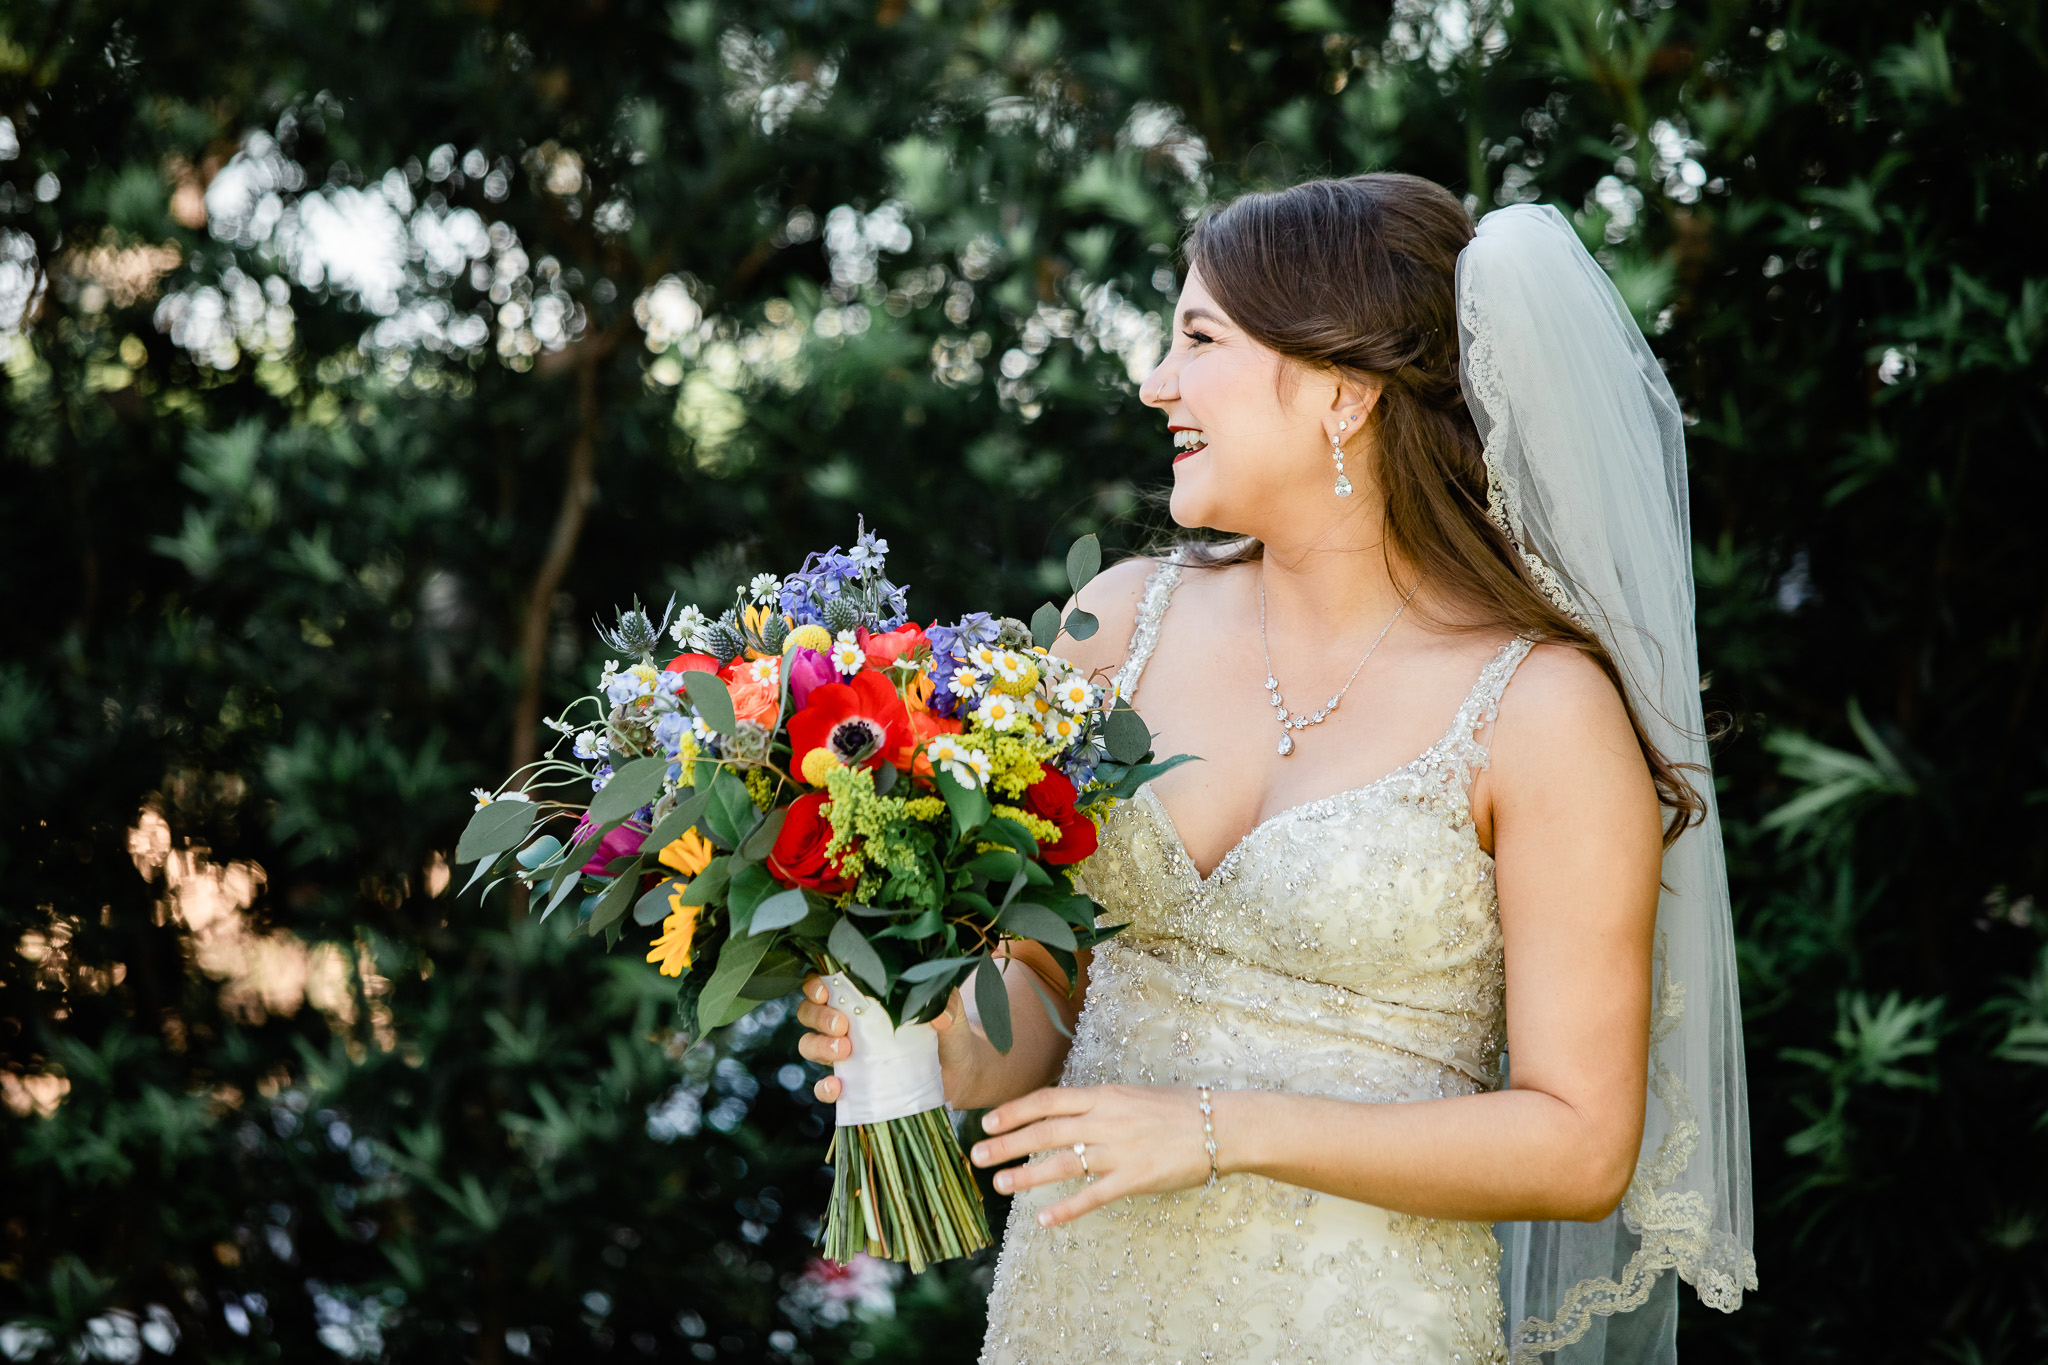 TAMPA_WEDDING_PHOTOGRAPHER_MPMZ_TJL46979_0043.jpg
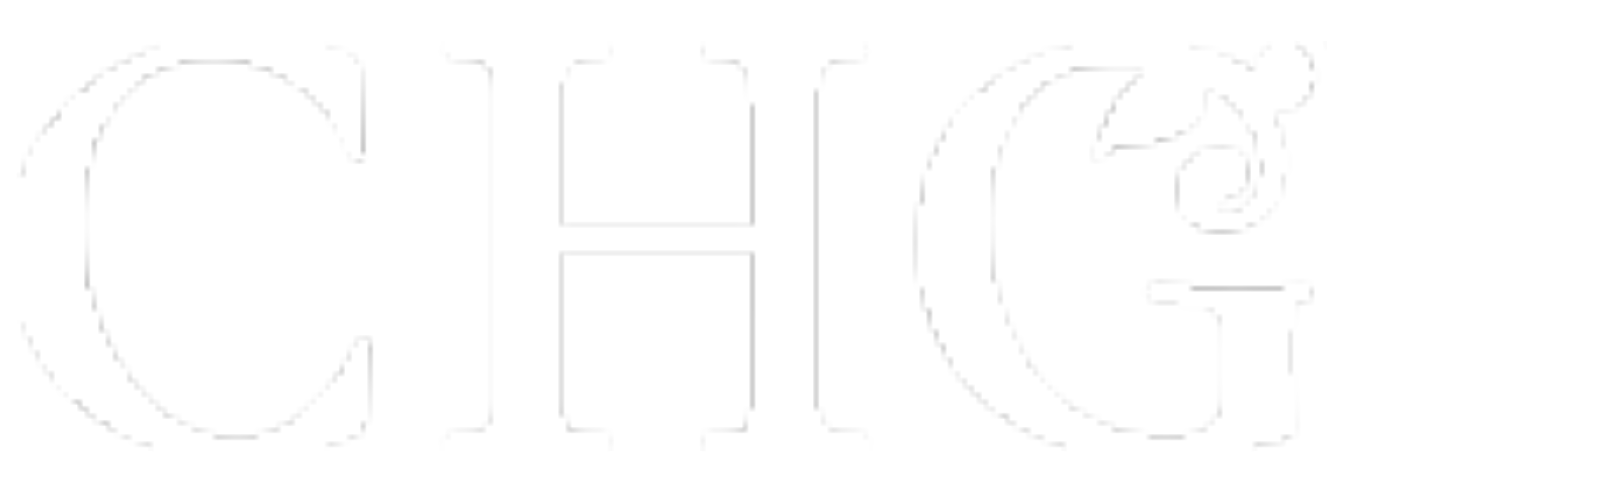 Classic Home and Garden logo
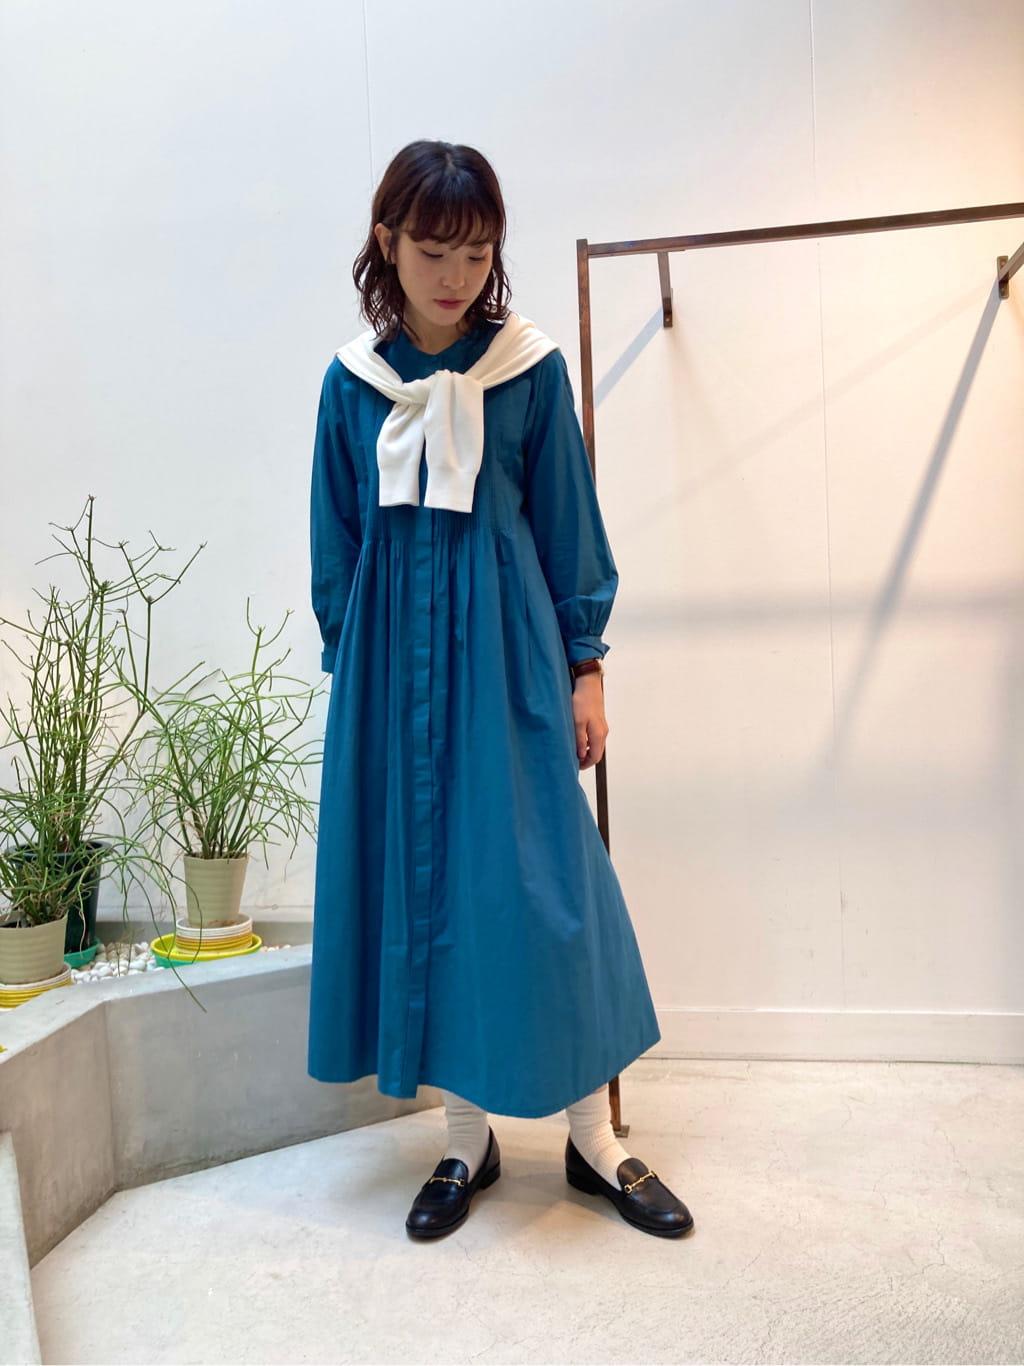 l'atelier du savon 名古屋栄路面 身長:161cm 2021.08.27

ASSIGNMENT
Nothing but the lines from the one containing "Classic Home and Garden logo" through the end of the listing is to be output, and those lines are to be output exactly, pictures excluded.

ANSWER TO THIS PROBLEM
 Classic Home and Garden logo
 l'atelier du savon 名古屋栄路面 身長:161cm 2021.08.27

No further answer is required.